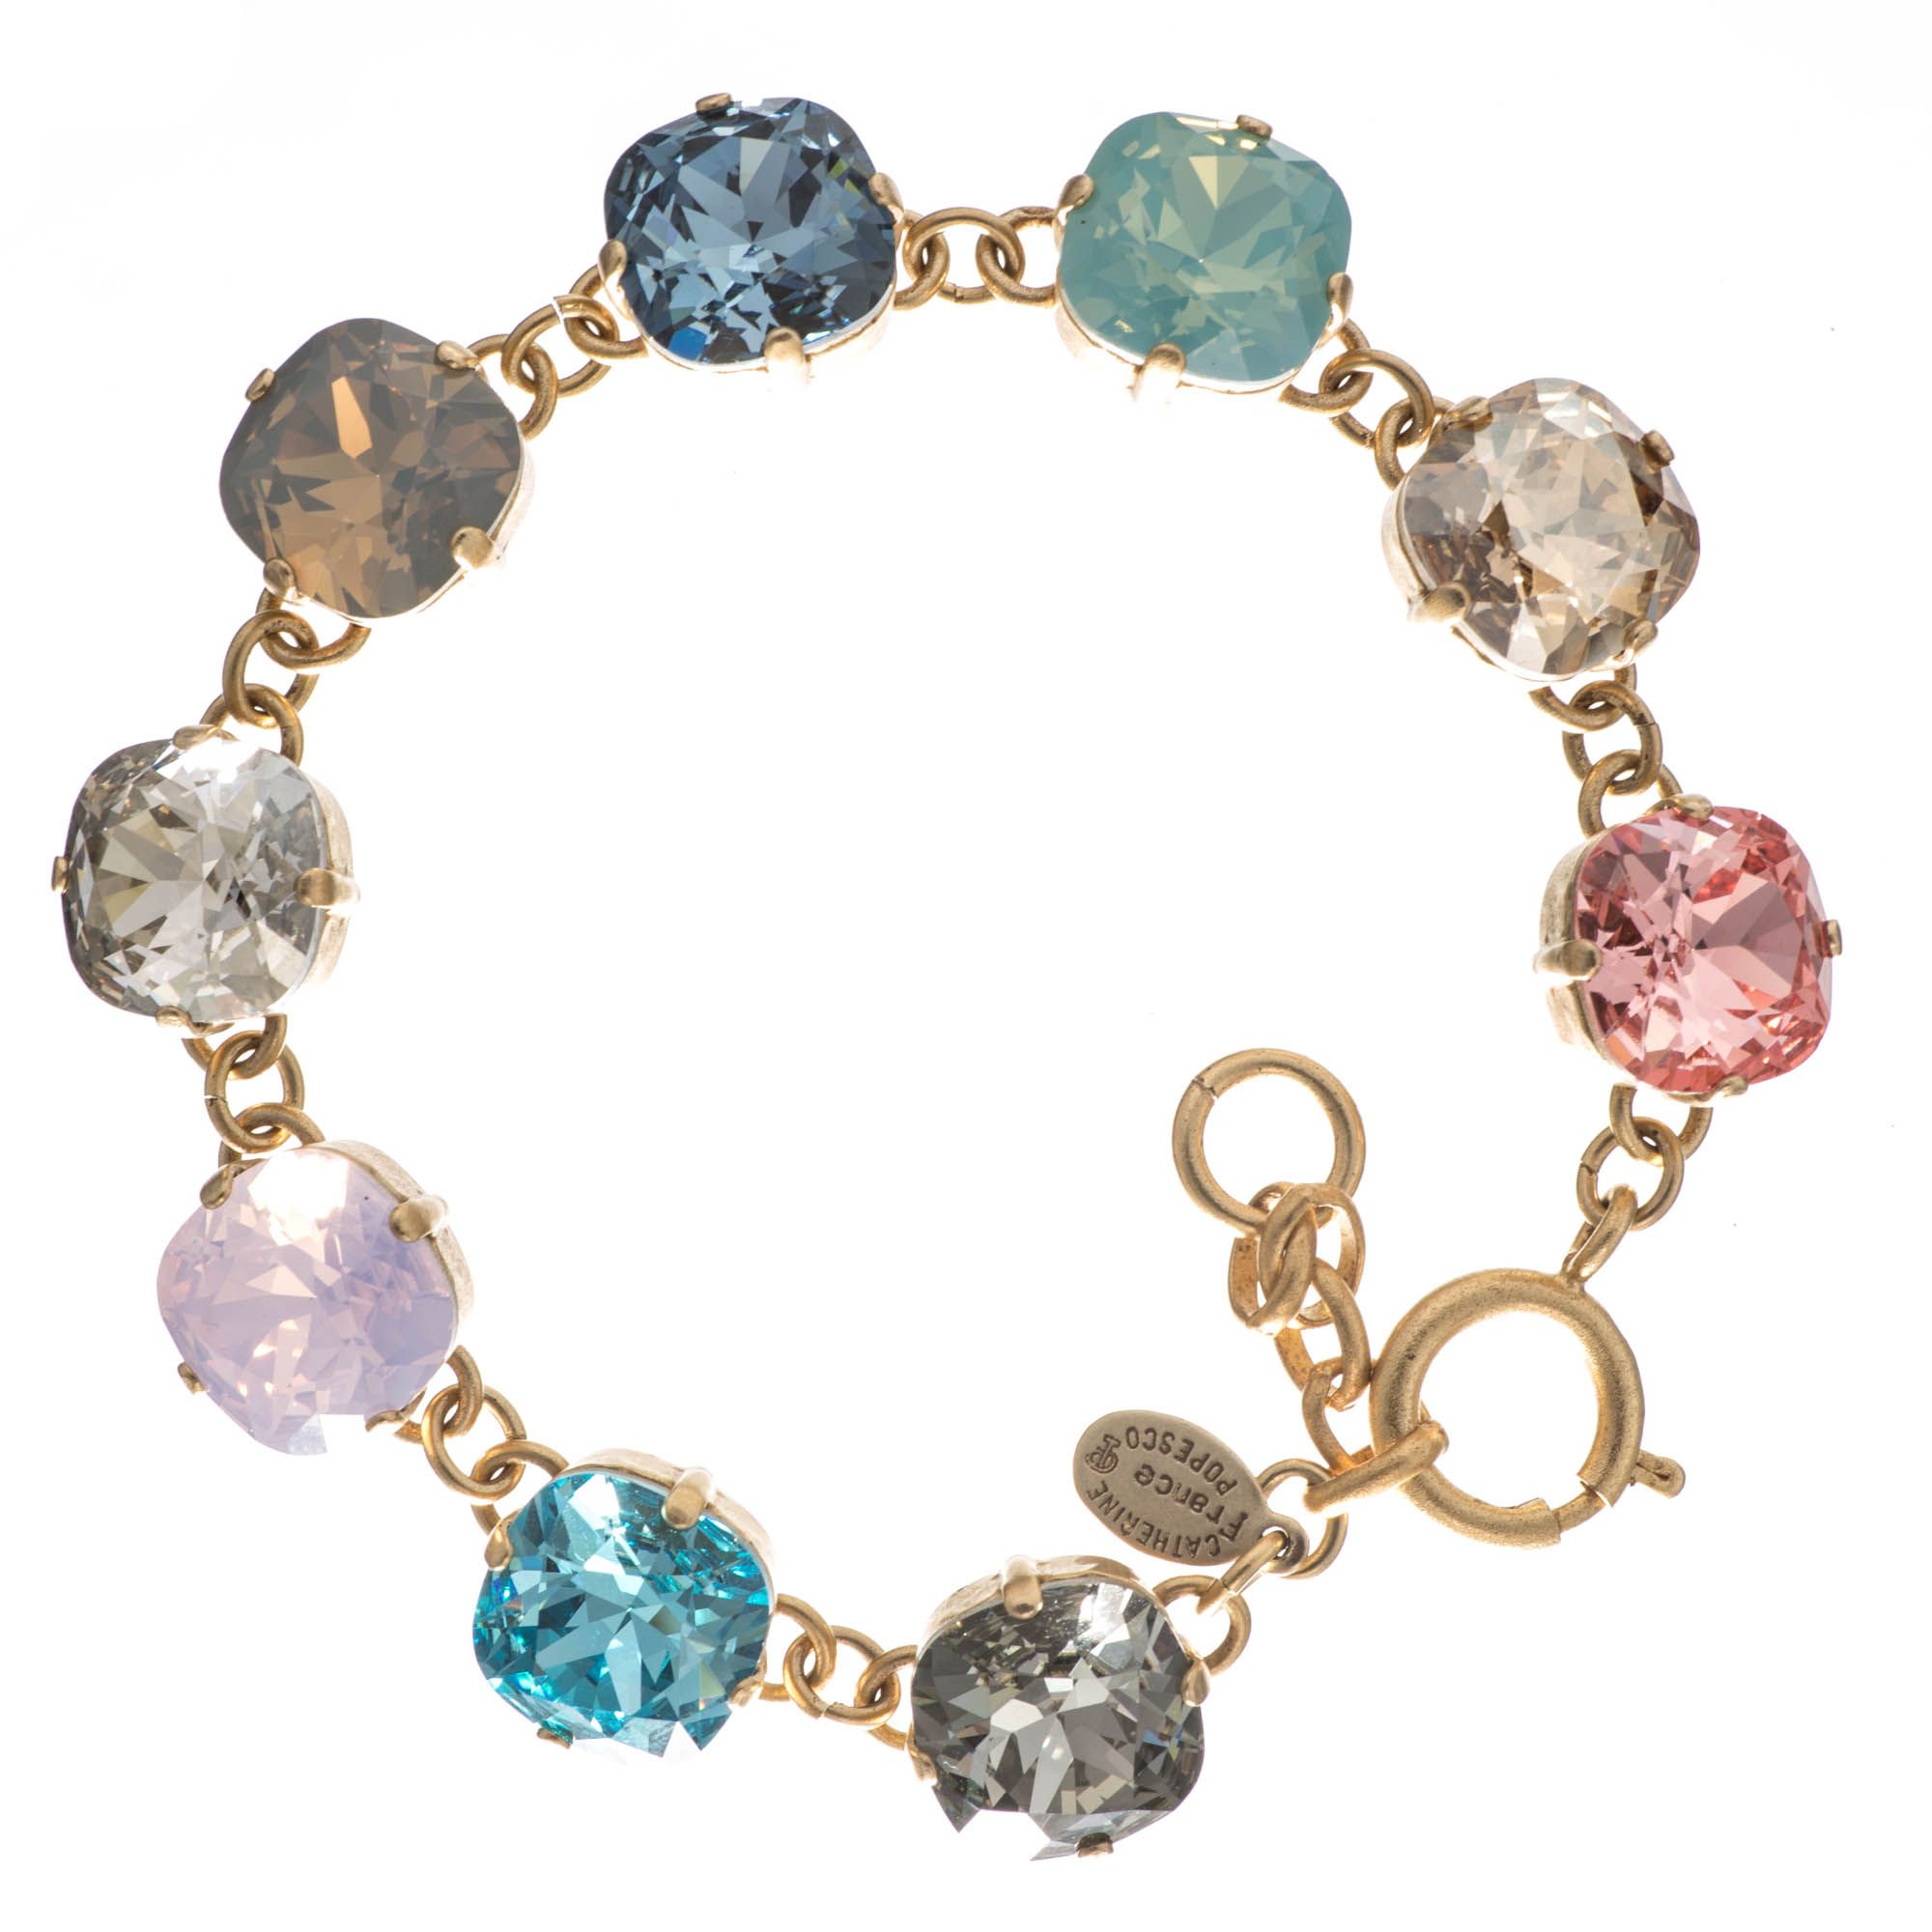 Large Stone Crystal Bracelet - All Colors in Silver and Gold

|---|

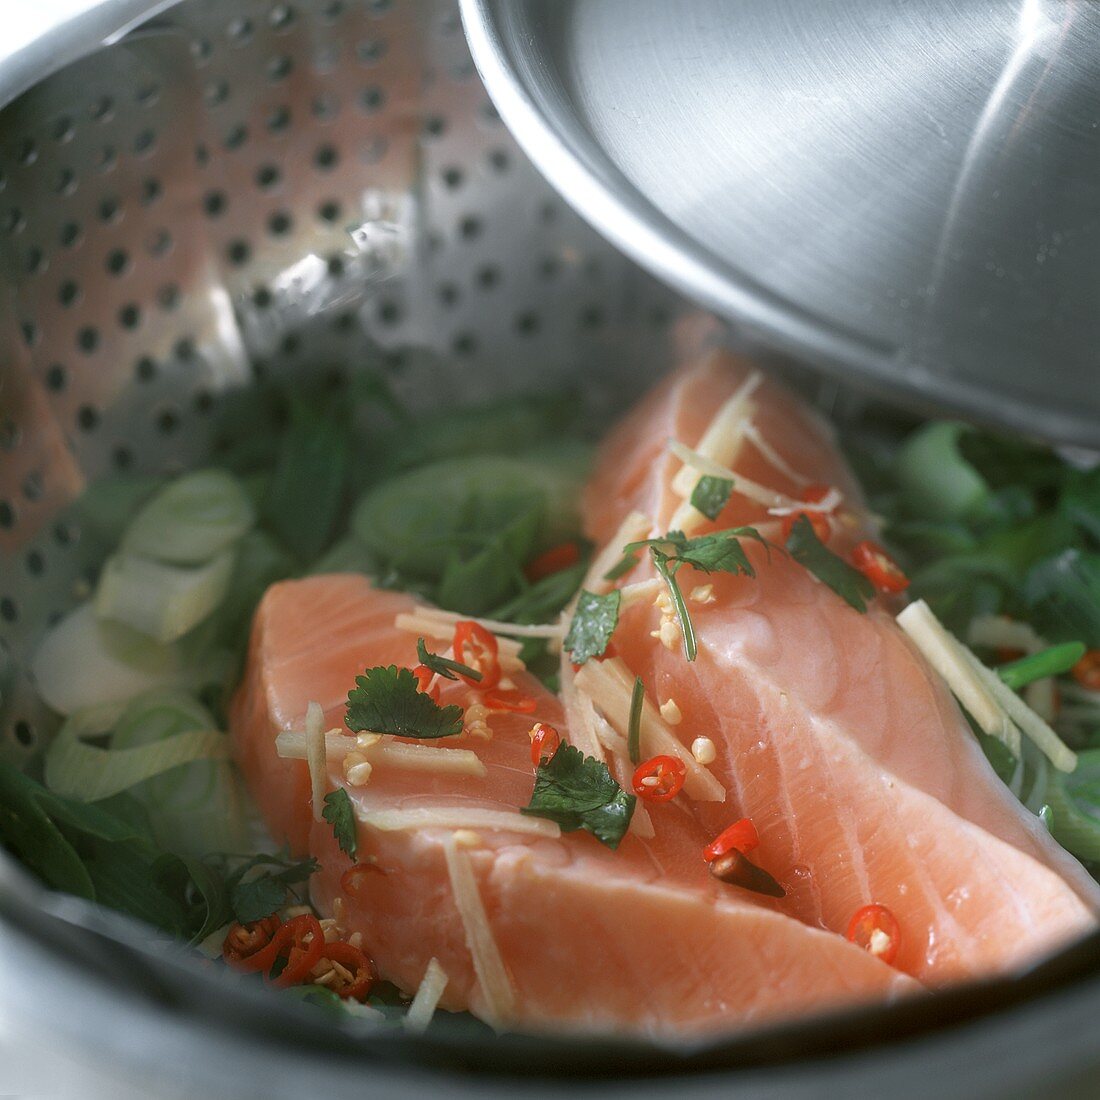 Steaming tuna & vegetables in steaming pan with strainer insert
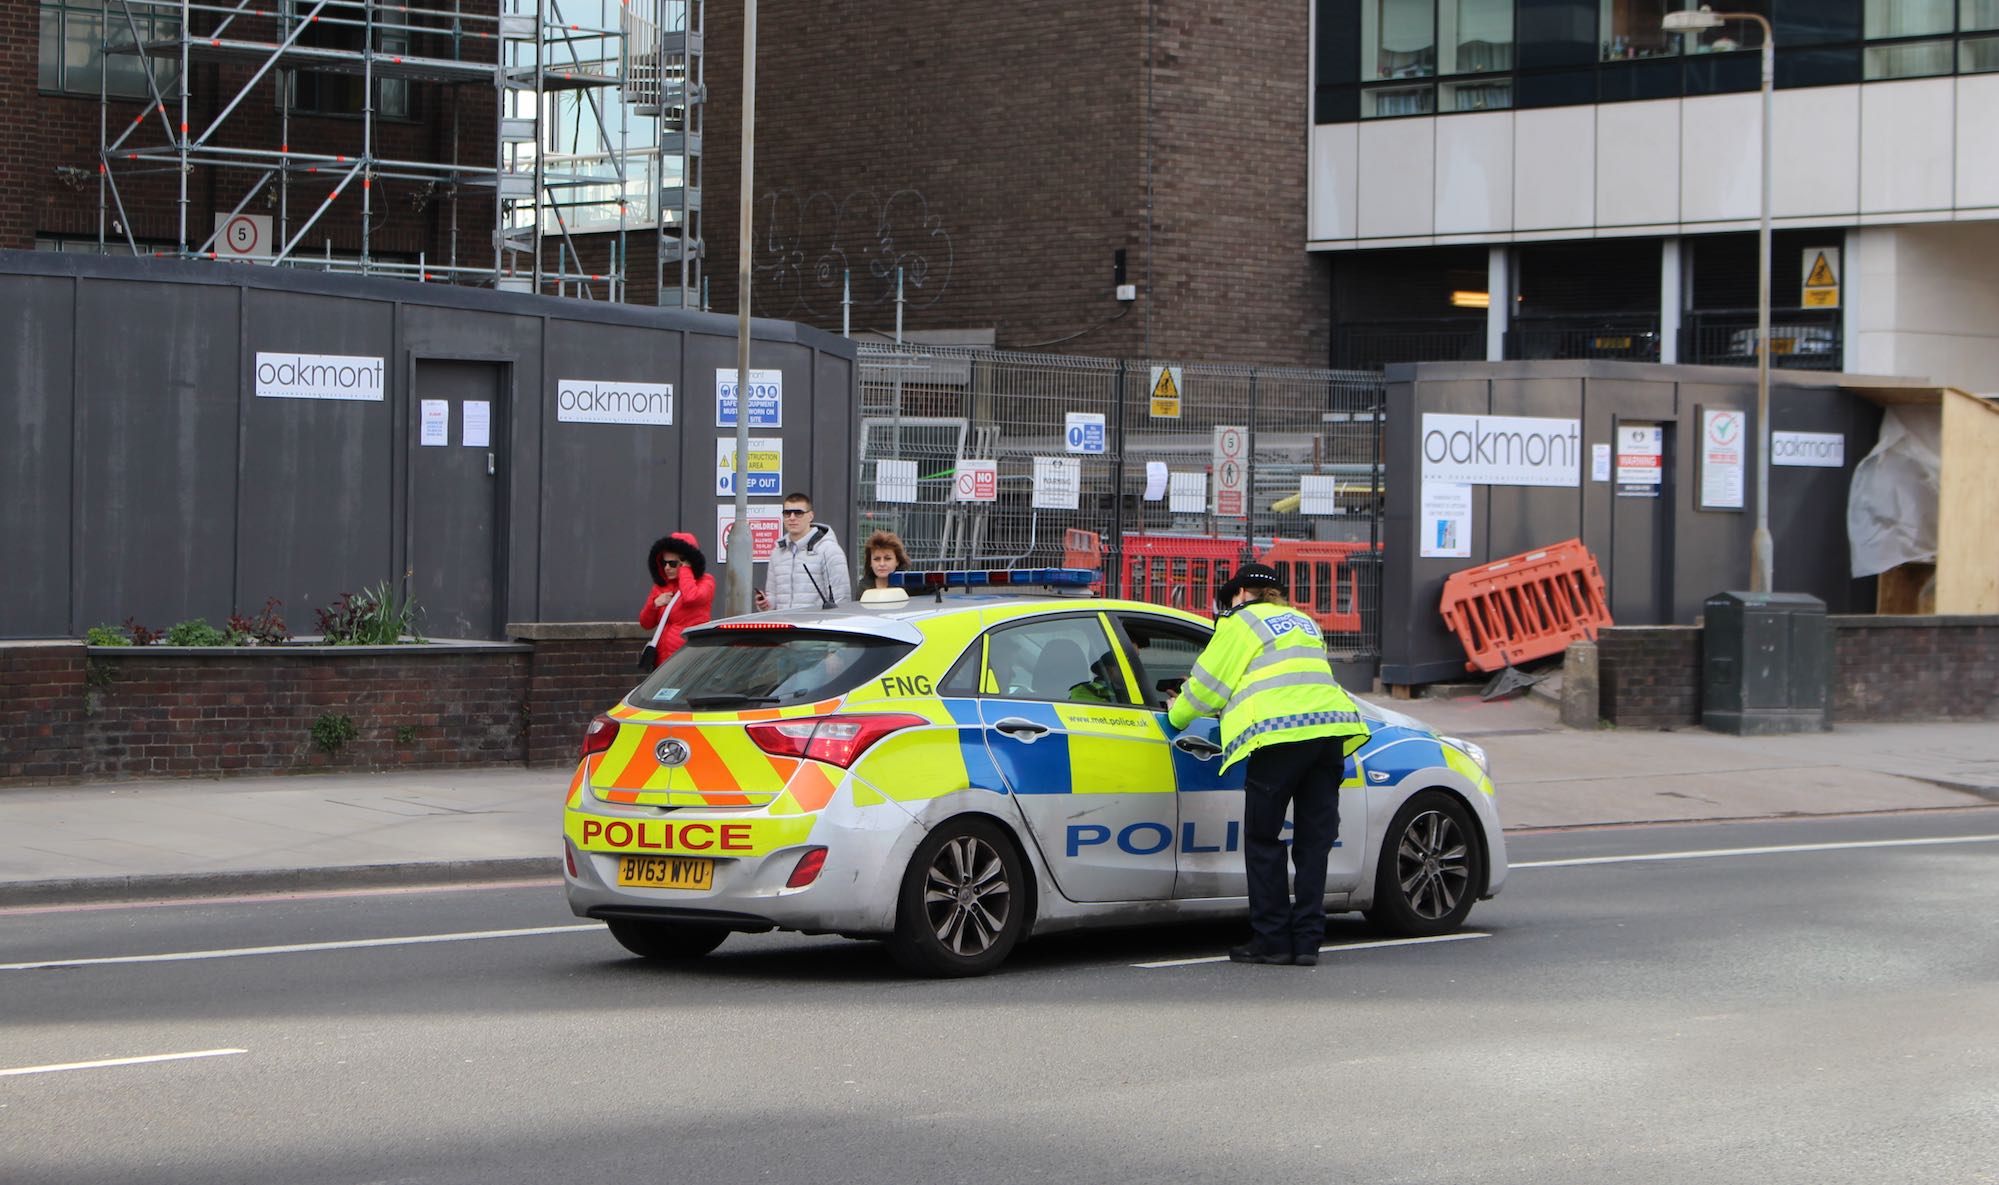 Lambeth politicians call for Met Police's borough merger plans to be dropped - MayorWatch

|---|

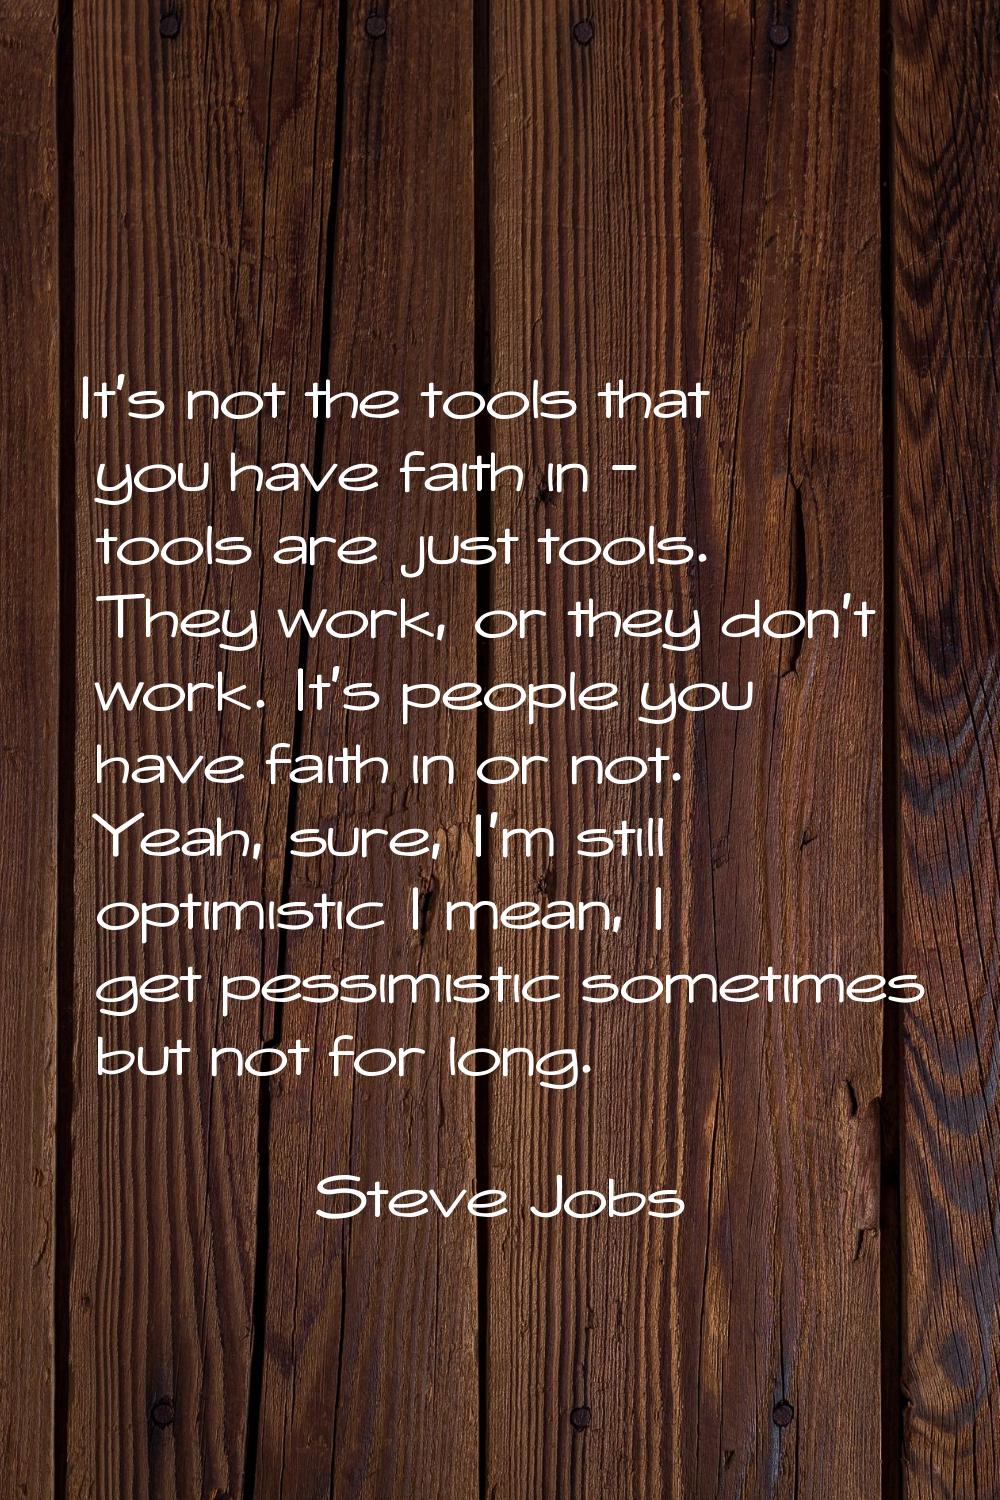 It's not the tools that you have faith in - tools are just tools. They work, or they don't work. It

|---|

▸ **Task details**
Within the listing above, the stretch from the line with "Steaming tuna &" down to the line with "Lambeth politicians call" is to be given again exactly, end lines included and pictures excluded.

▸ **Your response**
 Steaming tuna & vegetables in steaming pan with strainer insert
 Lambeth politicians call for Met Police's borough merger plans to be dropped - MayorWatch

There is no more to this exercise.